╭─ Data provided

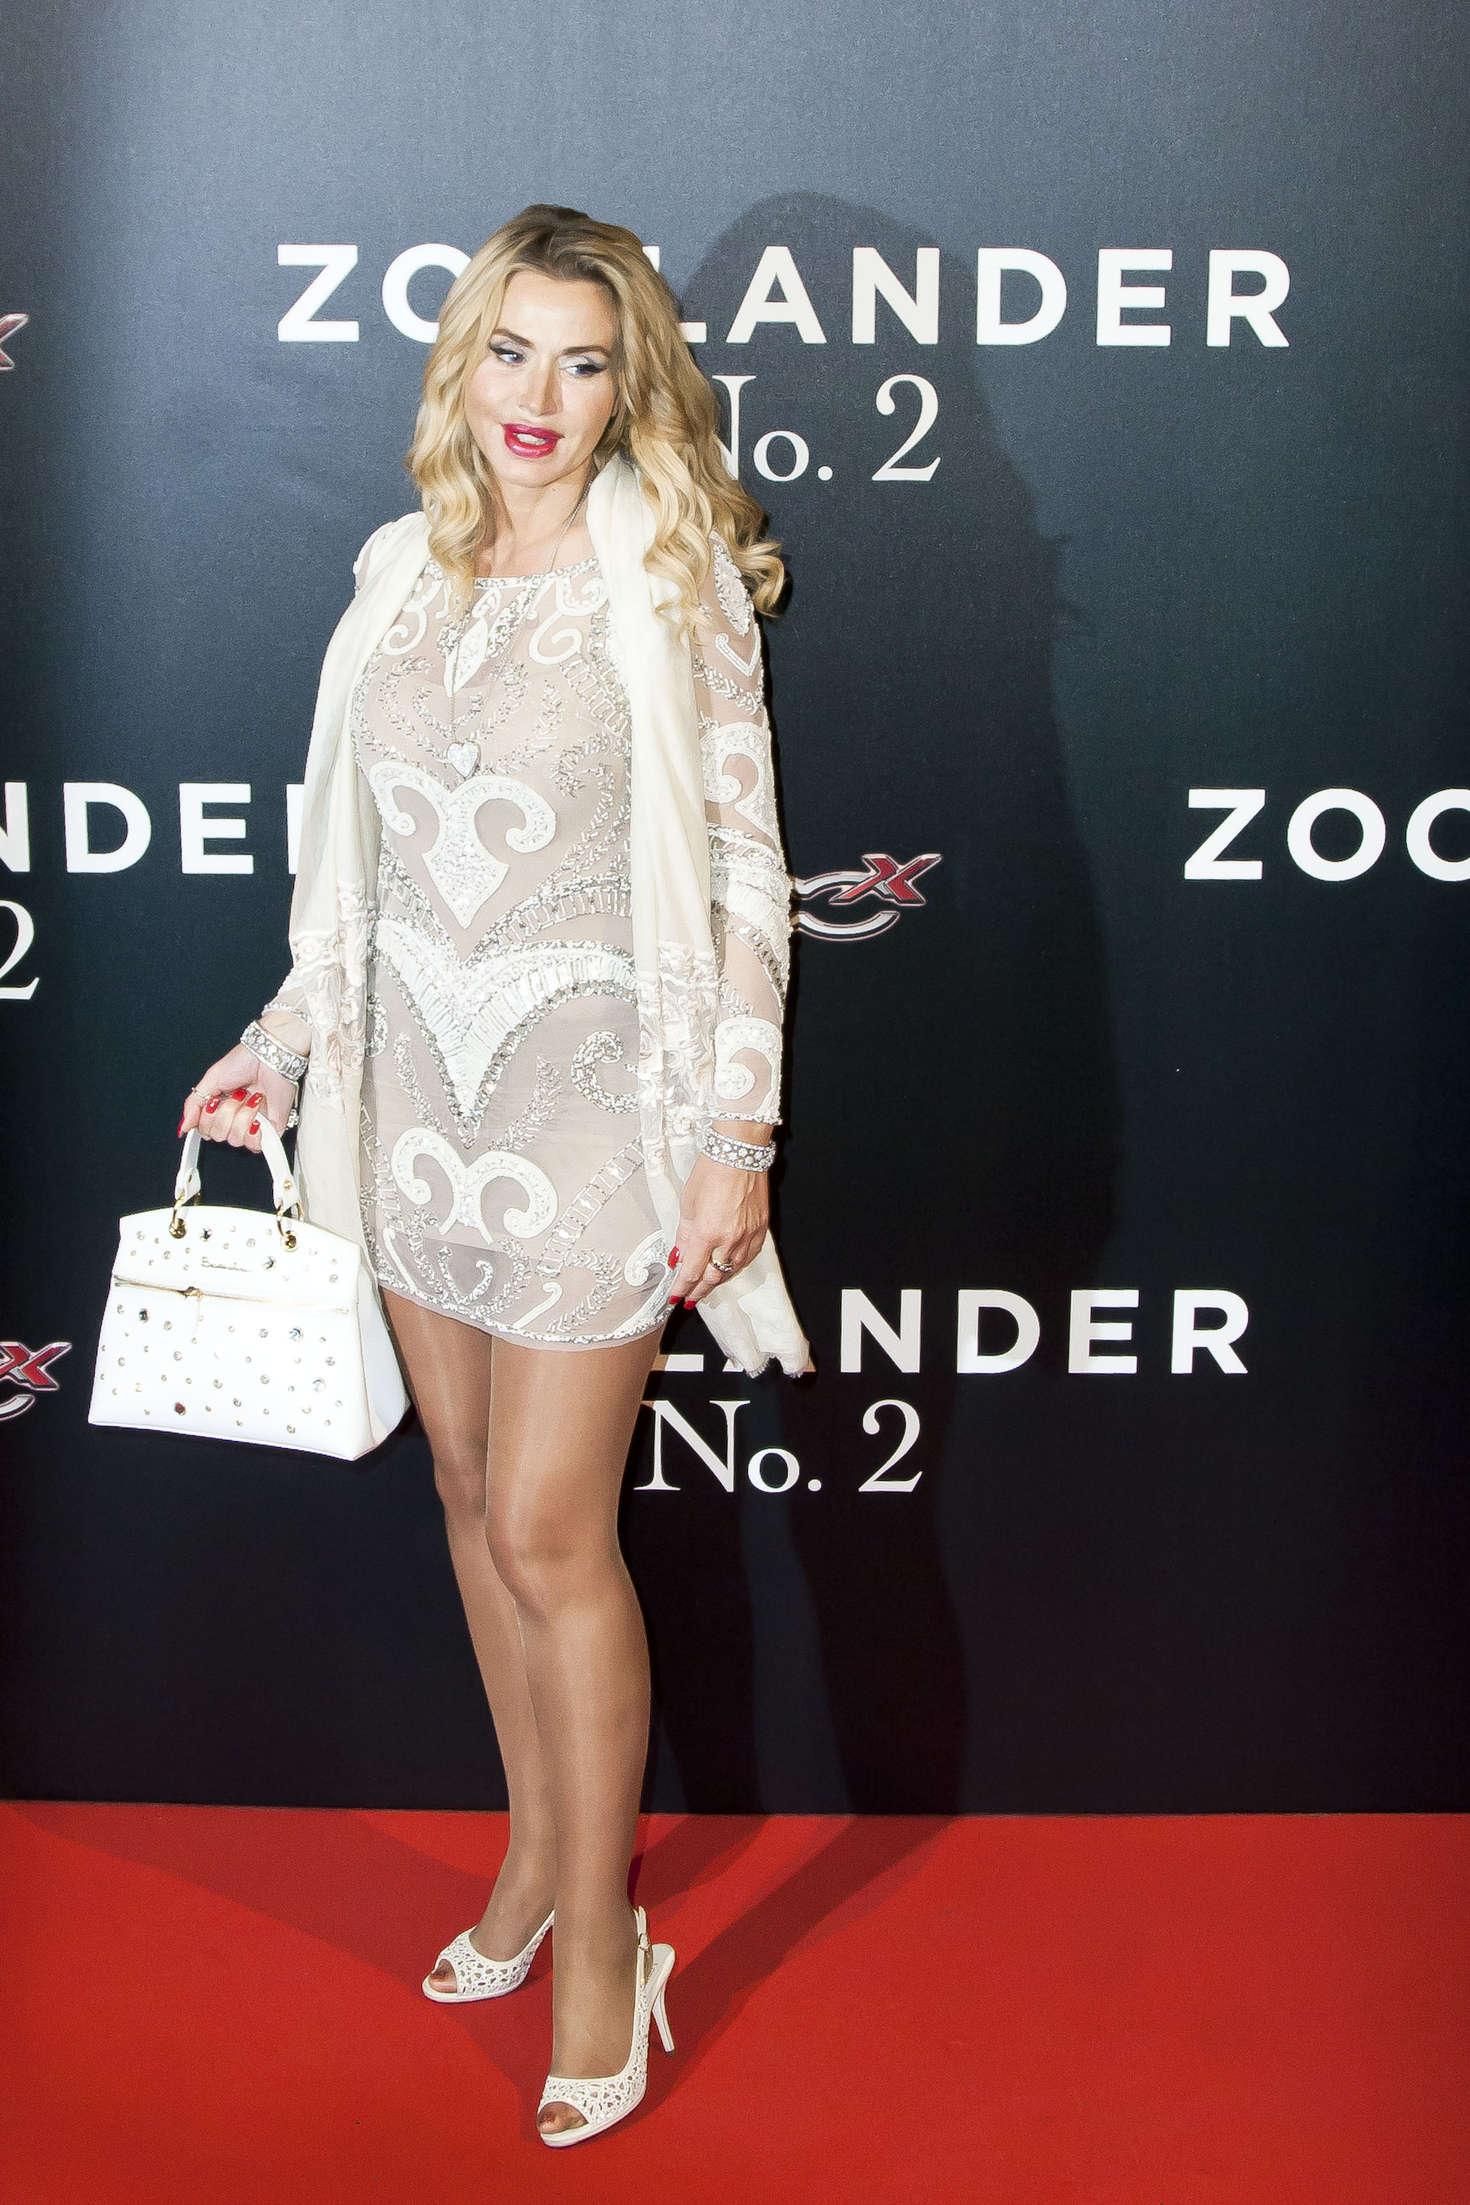 Valeria Marini - 'Zoolander 2' Premiere in Rome
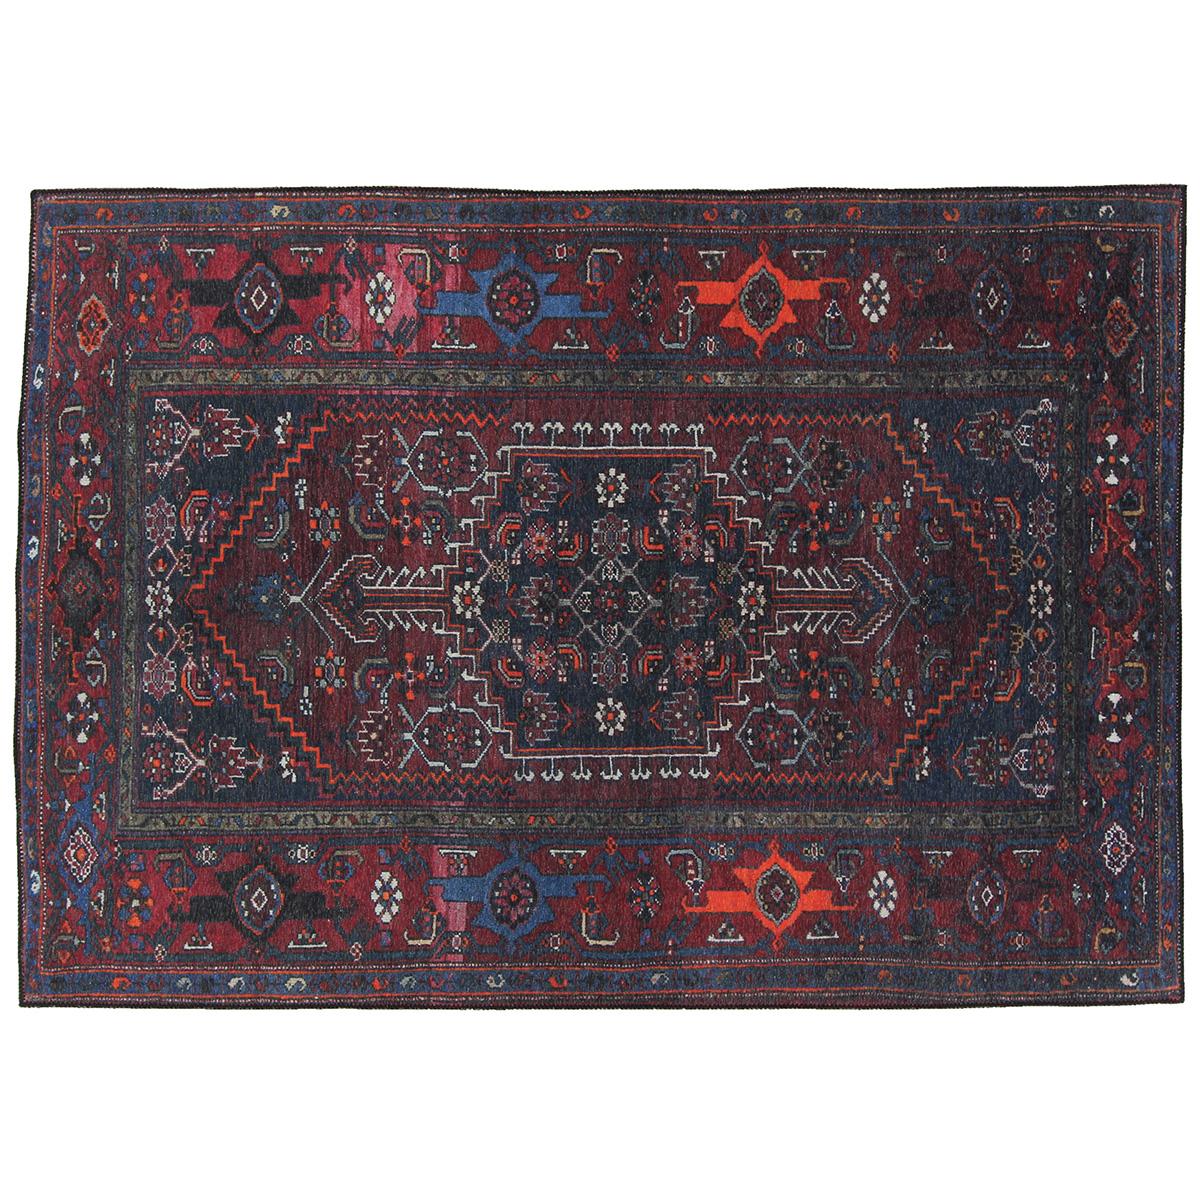 Vloerkleed Brinker Xotin Ethnic | 160 x 230 cm
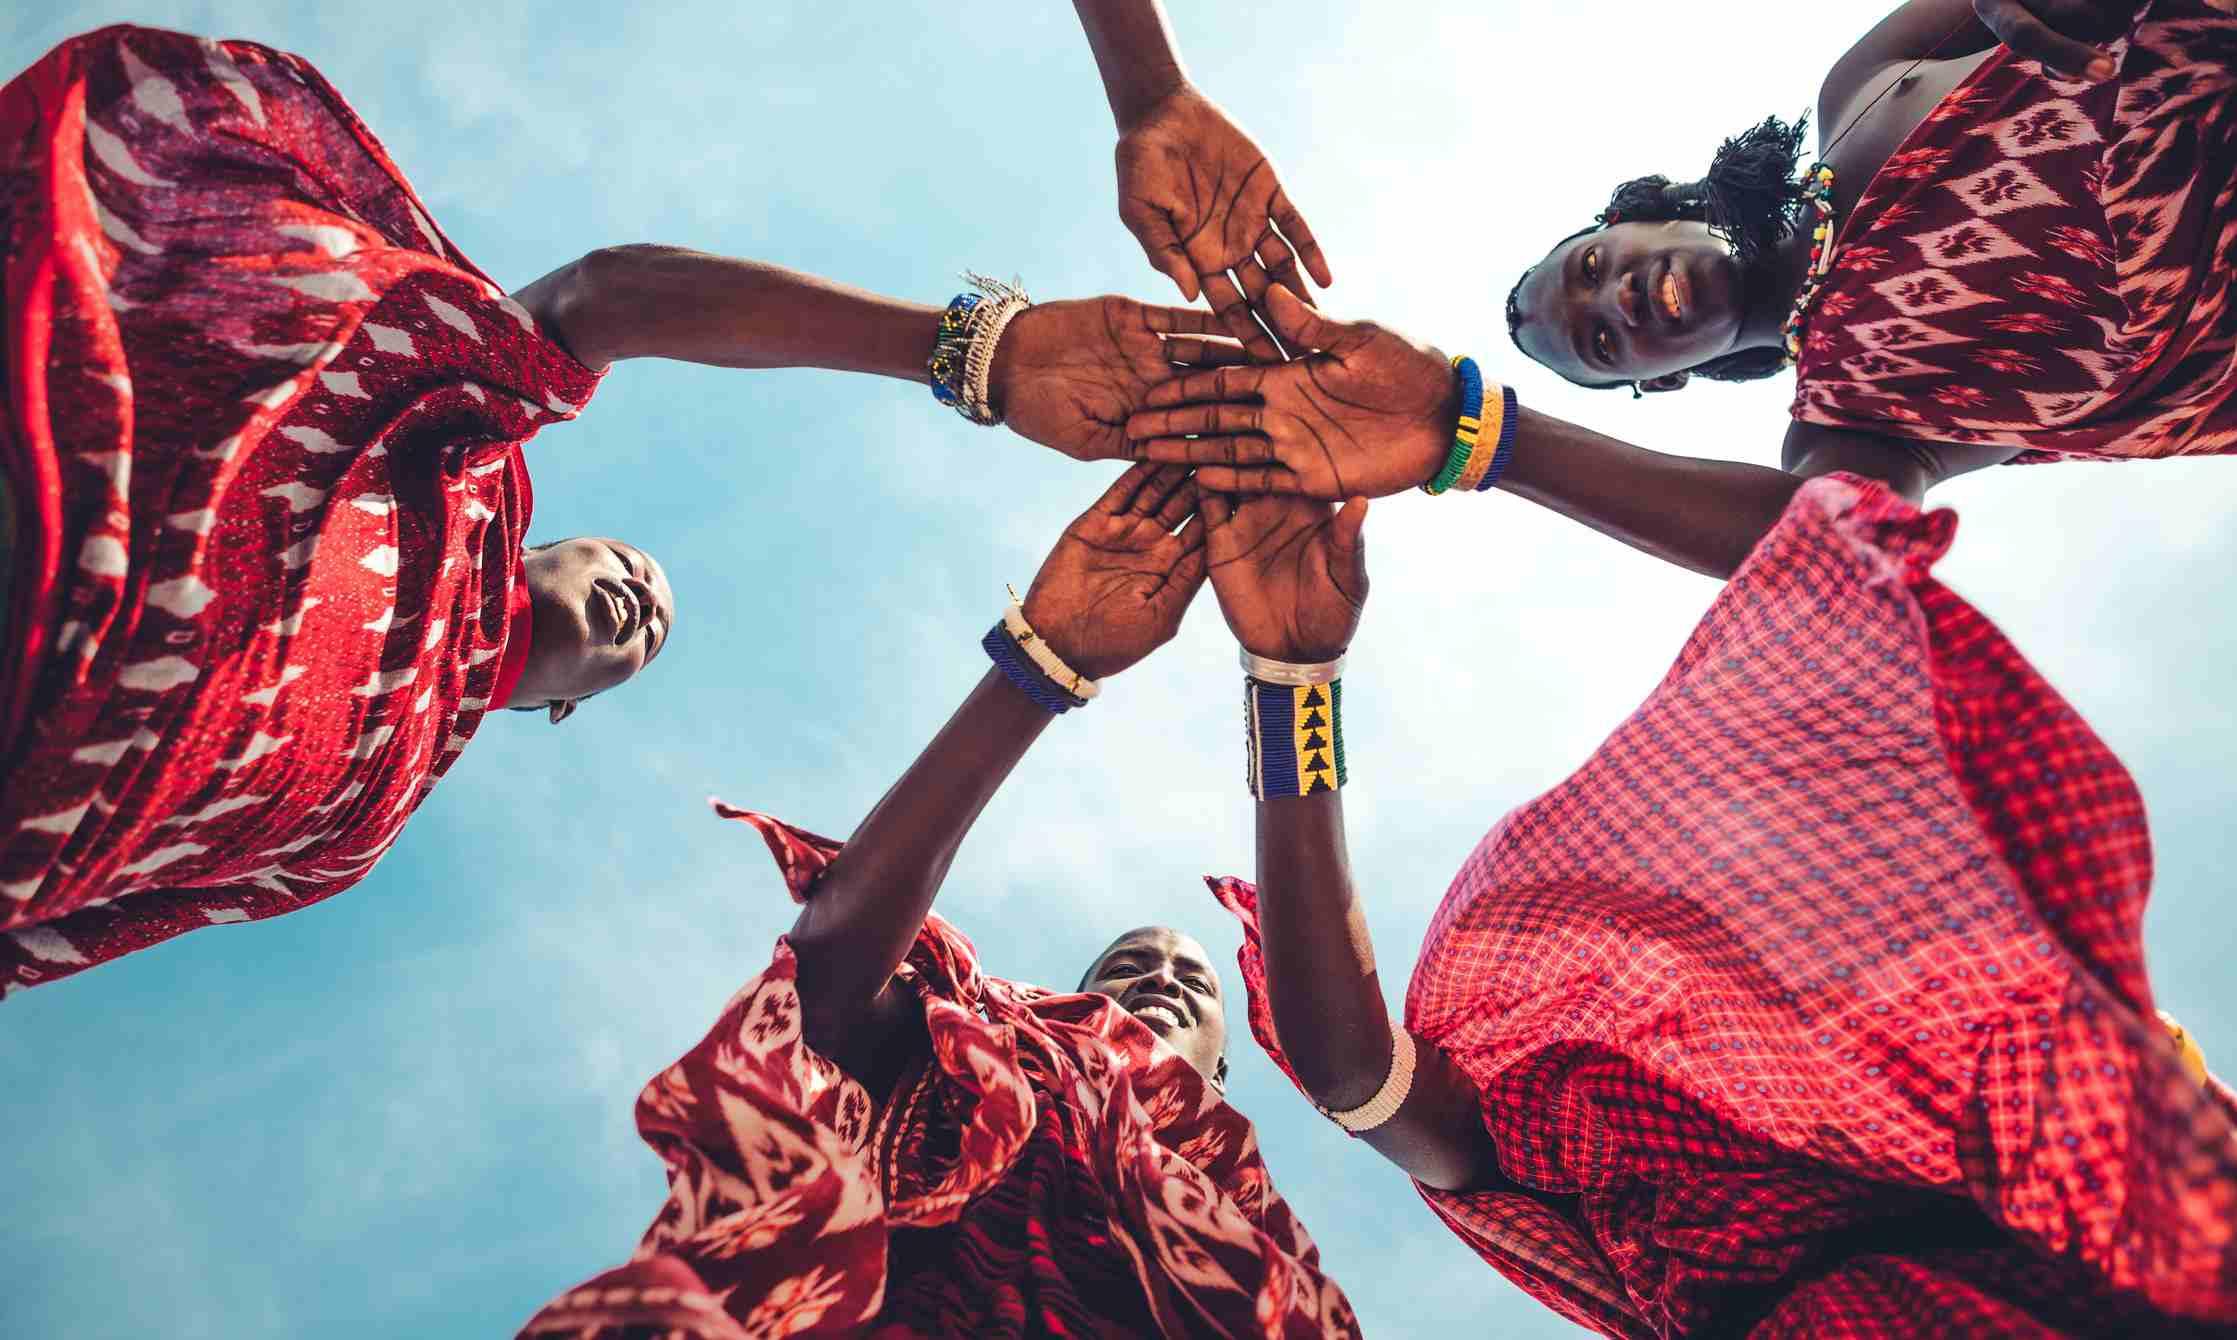 Masai in traditional clothes joining hands in unity (Zanzibar, Tanzania)

╰─

▶ **Problem details**: Each of the lines above should be transcribed exactly; no image is to be copied.

▶ **Exercise answer**:
 Valeria Marini - 'Zoolander 2' Premiere in Rome
 Vloerkleed Brinker Xotin Ethnic | 160 x 230 cm
 Masai in traditional clothes joining hands in unity (Zanzibar, Tanzania)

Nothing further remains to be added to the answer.